In midsummer 1767 Mrs Clifford returned to London and sought out her step-daughter in Fetter Lane. She was turned from the door, John Brownrigg telling her that Mary did not want to see her. The real reason was that he and his mother had beat Mary into insensibility. However, before we condemn Georgian London as a hell-hole without mercy, we see the testimony of William Clipson, apprentice baker to Mr Deacon next door. Clipson was upstairs in his master's house and happened to look into the Brownrigg's yard. There he saw Mary Clifford, lying in the filth with the Brownrigg's pig, and crawled out of a sky-light in order to get a proper look at her.

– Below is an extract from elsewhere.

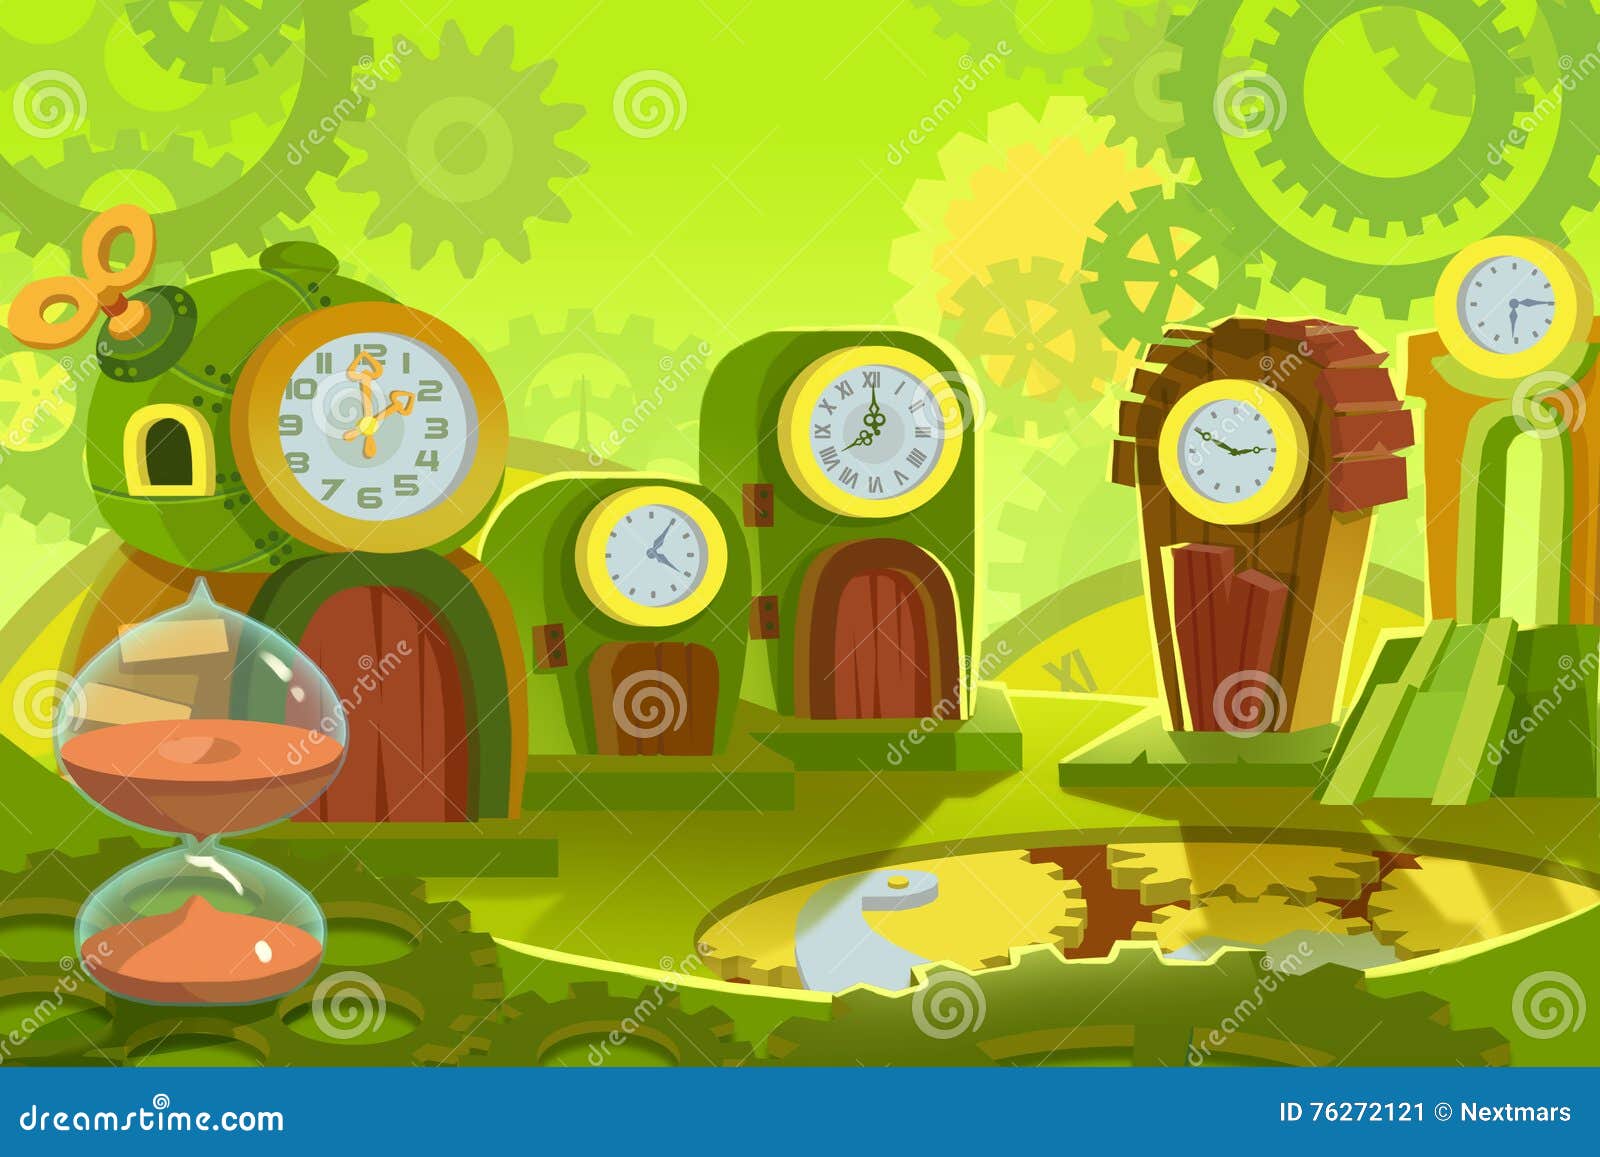 Creative Illustration and Innovative Art: Background Set 6: Time Land.  Stock Illustration - Illustration of concept, drawing: 76272121

'I spoke to her two or three times, but could get no answer; I tossed down two or three pieces of mortar, and the third piece fell upon her head; then she looked up in my face, I saw her eyes black, and her face very much swelled;...I went down and told my mistress what I had seen, and what a shocking condition the girl was in; then a watchmaker's wife, that lives opposite to us, went and found out the girl's mother-in-law (he means step-mother), and she came to our house; we told her what I had seen, and what a condition the girl was in; she cried...'
The parish overseers and a Constable were called to the house. The Brownriggs denied the girl was within the house, but the neighbours, Mrs Clifford refused to leave until she was produced. In the end, James Brownrigg was threatened with Newgate, and they produced both Mitchell, and Mary Clifford. Mrs Clifford was distressed by the state of her step-daughter.
'She was in a sad condition indeed, her face was swelled as big as two, her mouth was so swelled she could not shut it, and she was cut all under her throat, as if it had been with a cane, she could not speak; all her shoulders had sores all in one....I suppose they were cut by whips or sticks...her head was cut, she had a great many wounds upon it, and cuts all about her back and her legs; when I pulled her shoes and stockings off at the workhouse, I found her legs cut cross and cross, as if done with a thin end of a whip, and her back worse than her legs, and a very bad wound upon one of her hips.'
Mary Clifford died later that day. Elizabeth Brownrigg was found guilty and hanged at Tyburn the Monday following her trial. James and John Brownrigg spent six months in Newgate and were bound over for seven years. Such was the public approbation for John Brownrigg that he shortened his name to Brown and moved further west, somewhere near Oxford Circus.
The feral desperation of abject poverty is nowhere more depressing, and well-illustrated than in Georgian London, nor the cruelties it allowed those who came to be in a position to mete them out. It also draws a clear distinction between people who mistreated children because of their own poor state, and people who abused children because it was in their nature to do so. Such niceties of distinction are still with us today. Tyburn is not.